Surat Thani International Airport ()   is an international airport located in Phunphin District, Surat Thani Province, in Southern Thailand. The airport, 21 kilometres west of Surat Thani City, also is home to the Royal Thai Air Force (RTAF) squadrons. Surat Thani International Airport has a single paved runway. It is the tenth-busiest airport in Thailand in terms of passengers, handling more than two million passengers annually.

Airlines and destinations

Terminated

Thai Airways Company - Bangkok–Don Mueang 
Thai Airways International - Bangkok–Don Mueang, Bangkok–Suvarnabhumi
Thai Lion Air - Chiang Mai, Hat Yai

Statistics

Passengers

History

Donnok airport  
Surat Thani Airport's predecessor is known locally as Donnok Airport (). It is located around 3 kilometres away from Surat Thani City, and has a single, gravel paved runway, 800 meters in length. Later, the runway was expanded by the Royal Thai Air Force and became 1,000 metres long. The  runway is only capable of handling small planes, such as DC-3.

The current airport 
Due to the original airport's close proximity to Surat Thani, The Civil Aviation Authority of Thailand (CAAT) planned a new airport away from the city.
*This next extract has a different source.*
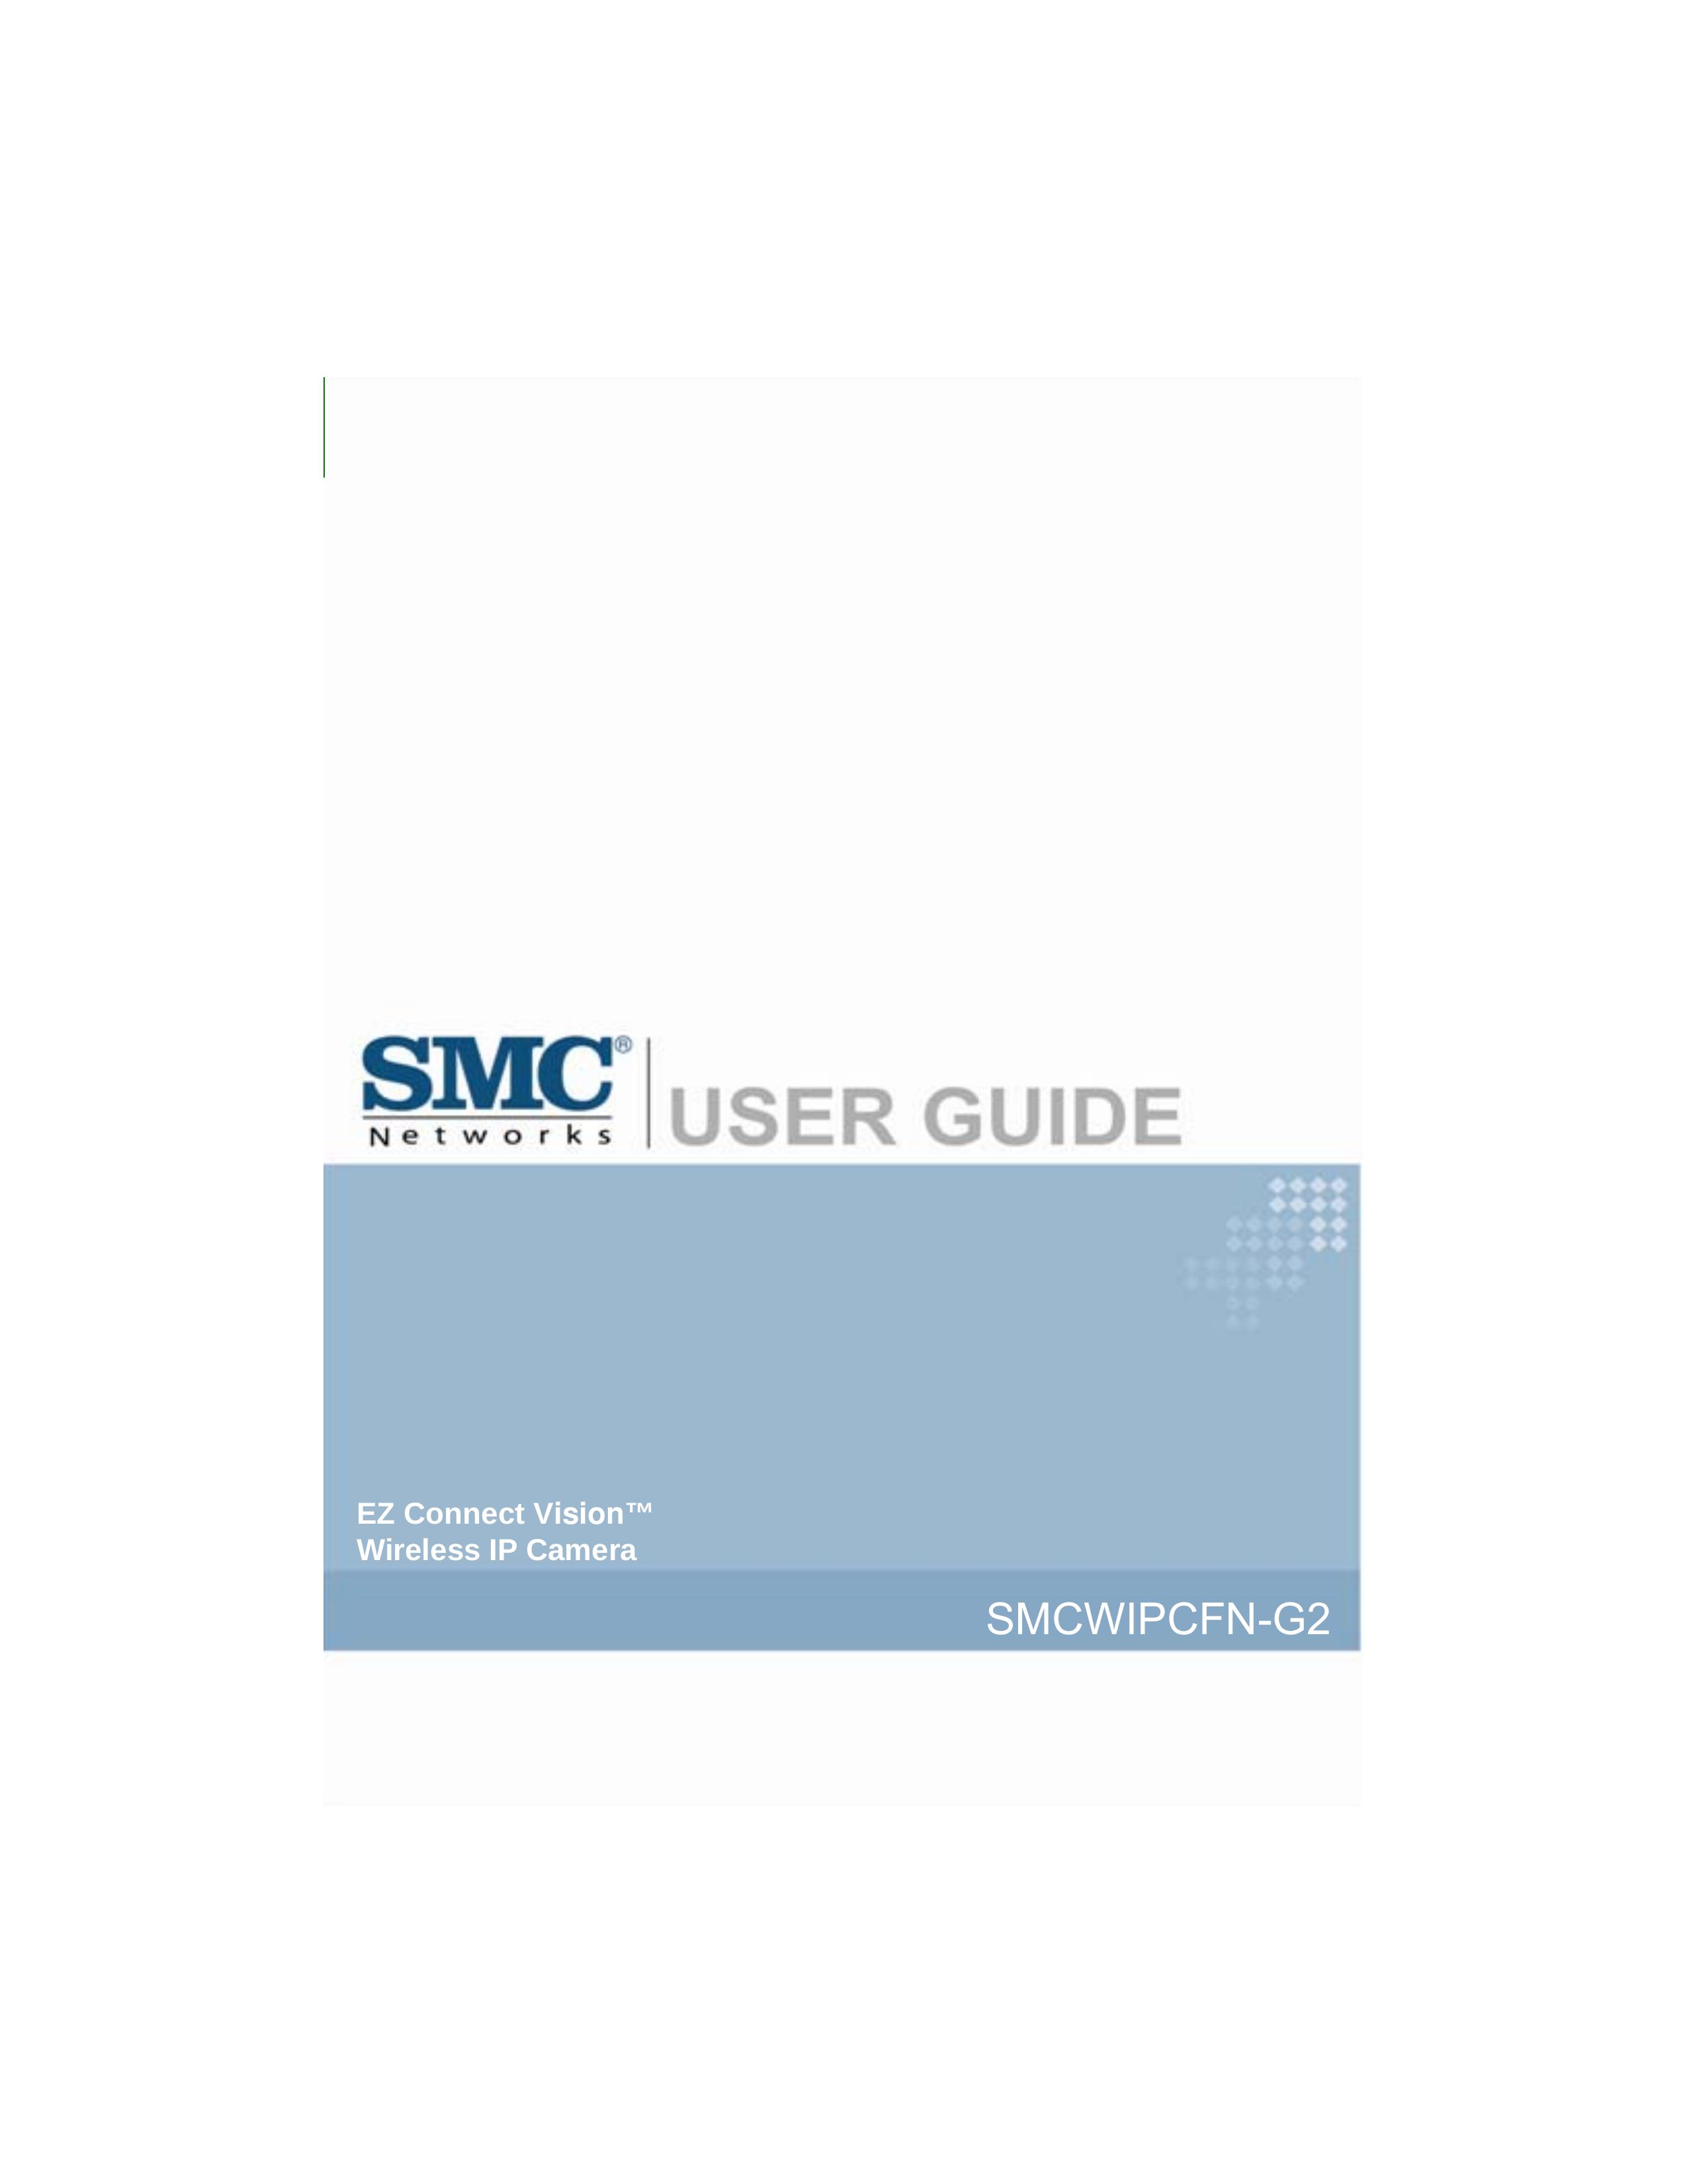 SMC Networks SMCWIPCFN-G2 Security Camera User Manual

A former airfield used in The Second World War by the military was chosen as the site for the new airport. After the construction site was chosen, a plan for the airfield's development was proposed. However, in 1973, the government suspended the development project and used the funds to support Phuket International Airport's operations instead.

In 1975, many residents in Surat Thani called for the project's reconsideration. The Ministry of Defence and CAAT showed interest in the project and the airfield's development began in 1978. The airport was officially opened on 15 April 1981. It had a single runway, 2,500 metres in length. In 1993, the runway was expanded to support larger commercial flights and military operations.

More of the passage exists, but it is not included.